Simplified Quantum Optical Stokes observables and Bell's Theorem

TL;DR

This paper introduces a simplified, binning-based form of quantum optical Stokes observables that can be used in Bell tests, especially with states of undefined photon number like squeezed vacuum, leading to robust Bell inequality violations.

Contribution

It proposes a new simplified Stokes observable based on binning that is practical for Bell tests with quantum optical fields of undefined photon number.

Findings

Enables Bell tests with simplified observables

Achieves robust Bell inequality violations with squeezed vacuum

Applicable to states with undefined photon number

Abstract

We introduce a simplified form of Stokes operators for quantum optical fields that involve the known concept of binning.

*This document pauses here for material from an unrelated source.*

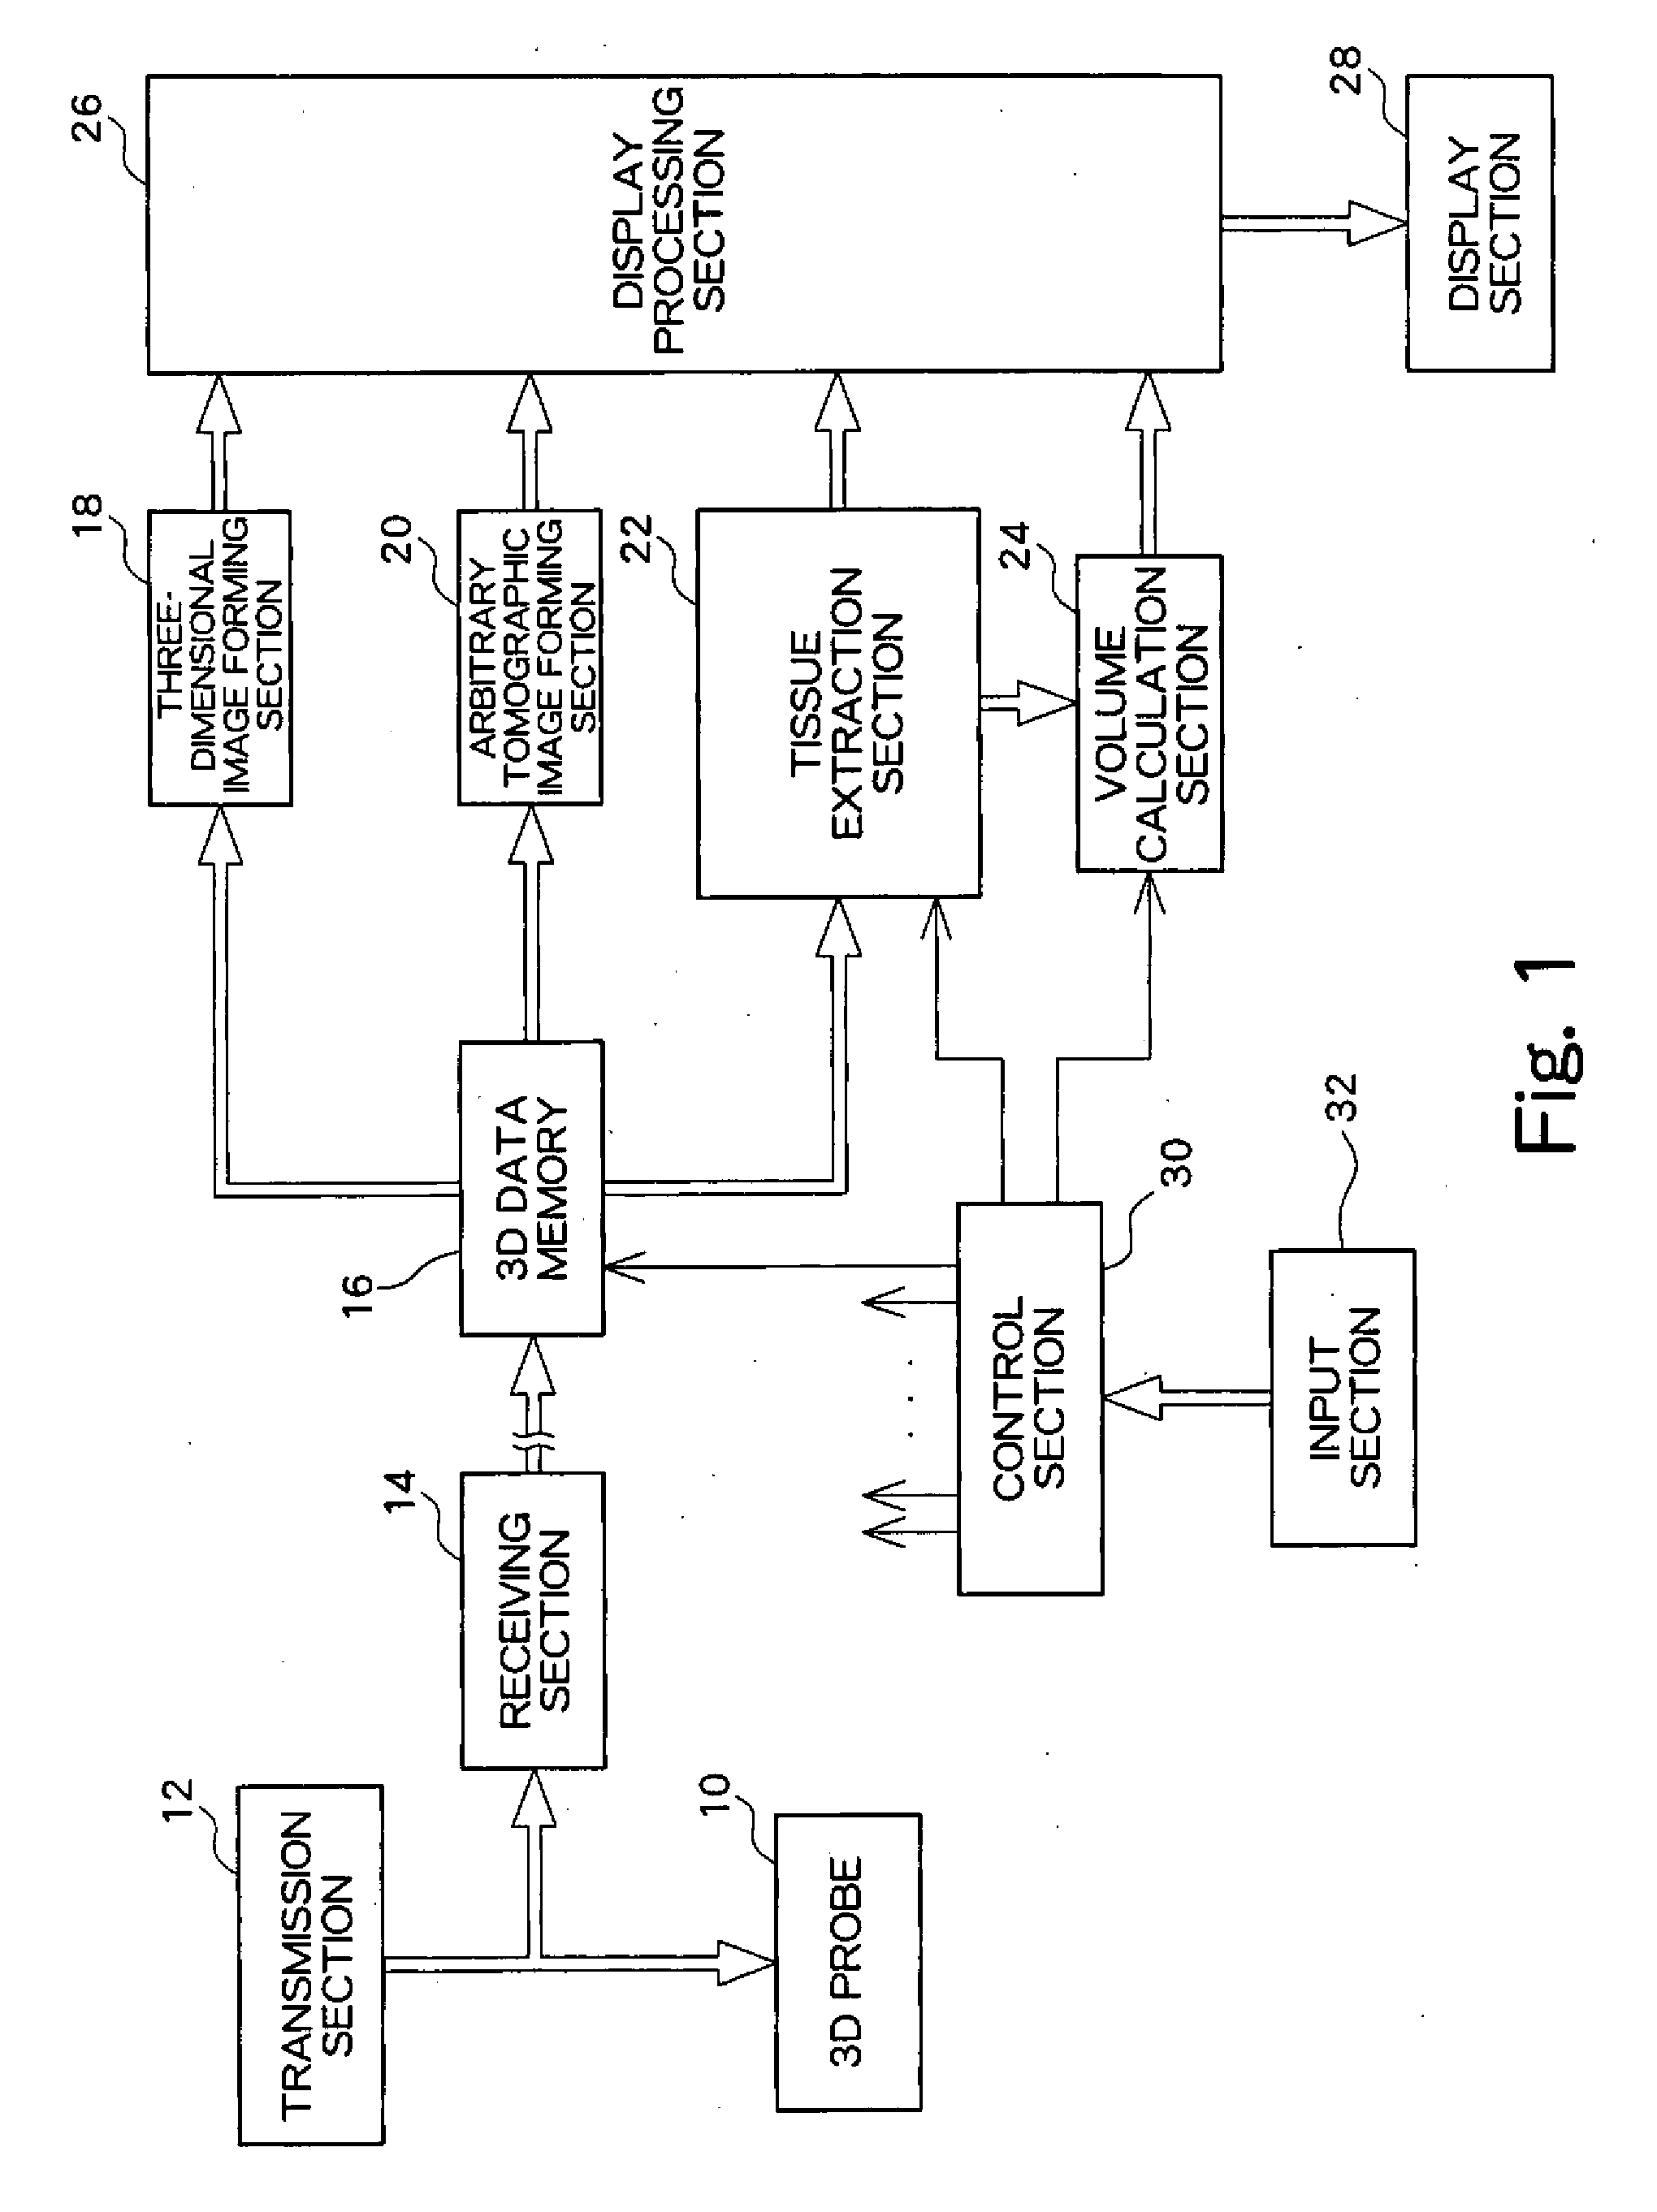 Ulstrasound diagnostic apparatus and volume data processing method

Behind polarization analyzer photon numbers (more generally intensities) are measured. If the value obtained in one of the outputs, say H, is greater the than in the other one, V, then the value of the simplified Stokes operator is, say, 1, otherwise it is -1. For equal photon numbers we put 0. Such observables do not have all properties of the Stokes operators, but surprisingly can be employed in Bell type measurements, involving polarization analyzers. They are especially handy for states of undefined number of photons, e.g. squeezed vacuum. We show that surprisingly they can lead to quite robust violations of associated Bell inequalities.